The pair finished the session higher, supported by broad based AUD weakness which inspired a sharp rally by EUR/AUD and also generally weaker USD which fell over 0.3%. In terms of Eurozone specific macroeconomic commentary, ECB's Weidmann said that buying government bonds risks blurring line between monetary and fiscal policy. He also added that low interest rates can give impulse to the economy and that he sees German economic upswing continuing this year and next.
At the same time, ECB's Coeure said that there is no binding limit to where main interest rate can go; ECB may not add long-term loans as growth recovers.
In spite of a weaker USD and AUD weakness inspired gains for GBP/AUD following the release of the latest jobs report from Australia, the pair settled little changed as broad based EUR strength saw EUR/GBP trend higher and in turn offset any potential gains for the pair. There was little in terms of UK specific macroeconomic commentary, but RICS global director King said that unless we see a marked increase in the number of homes coming up for sale we could well be looking at price rises becoming unsustainable in some areas.

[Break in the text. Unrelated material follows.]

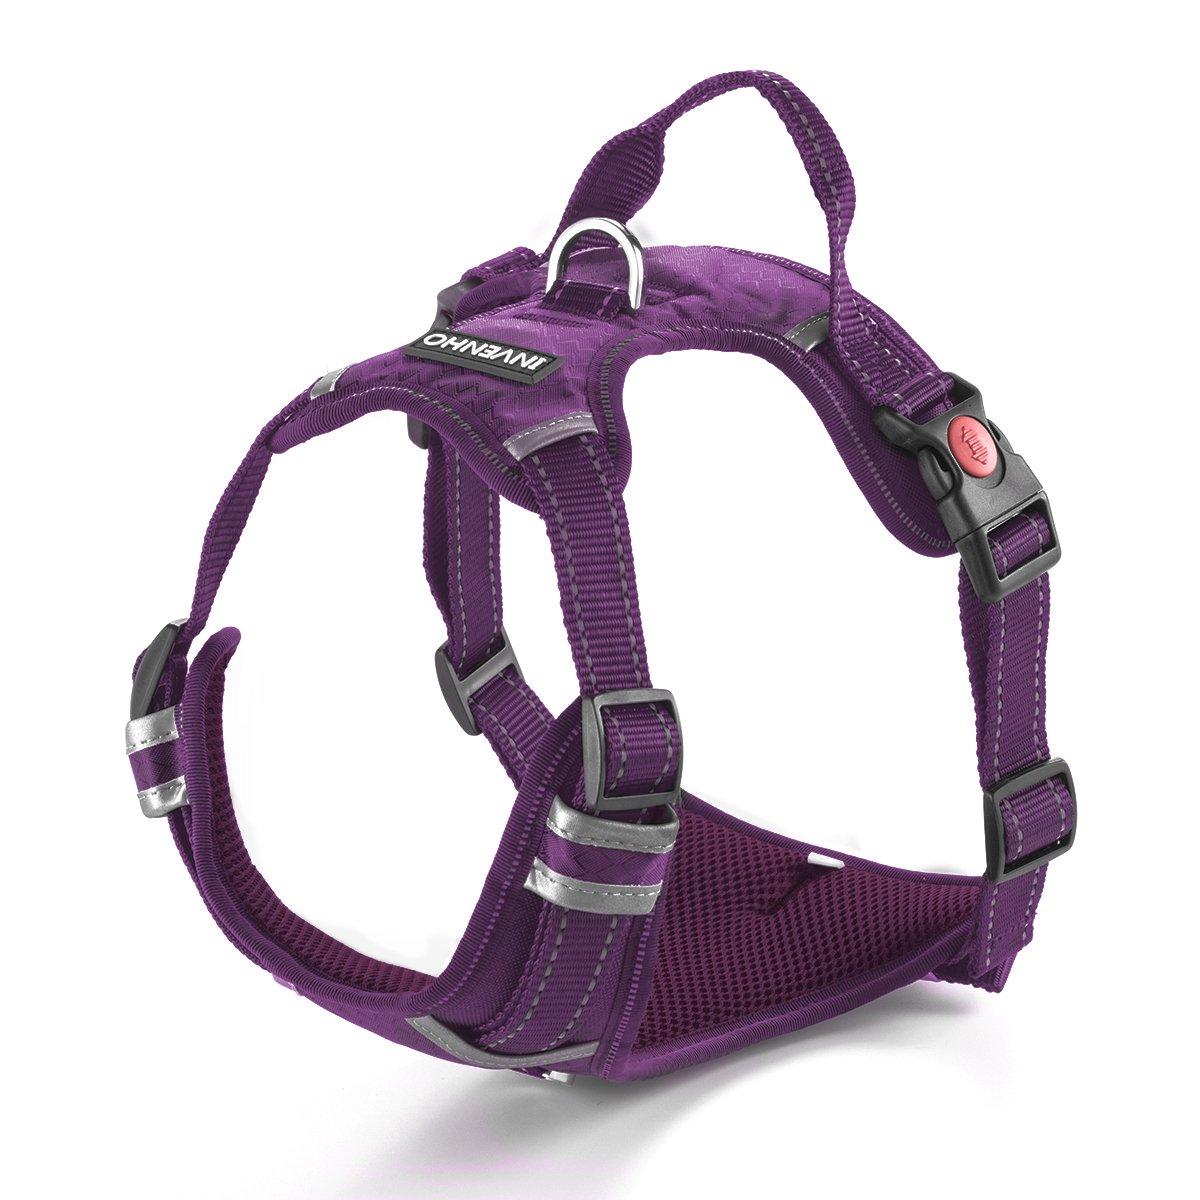 Purple DogJog Dog Harness Reflective Adjustable No Pull Pet Vest Oxford Vest for Dogs Easy Control for Medium Large Dogs (Purple)

The pair finished the session lower, amid unfavourable interest rate differential flows as USTs remained supported by corporate hedging related flow and also somewhat weaker weekly US jobs report. This in turn sent USTs higher, amid touted buying by real money and also CTA accounts.
There was also unconfirmed market talk of a NY think-tank report on Bank of Japan policy saying they expect no change in monetary policy next week due to inflation sitting at a five-year high. The report also said to say that the central bank is keen to differentiate the slower buying of JGBs from a taper, with the amount to increase as needed.

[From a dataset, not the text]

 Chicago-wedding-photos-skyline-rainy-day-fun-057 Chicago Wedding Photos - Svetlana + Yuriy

AUD fell sharply across the board overnight during the Asian session following the release of the latest jobs report which showed that the country suffered its lowest annual jobs growth in 17 years. At the same time, the report revealed that the participation rate fell to 64.6% in December, the lowest level since 2006. The broad based selling pressure in turn buoyed EUR and GBP related crosses, both climbing back above their respective 21DMA levels.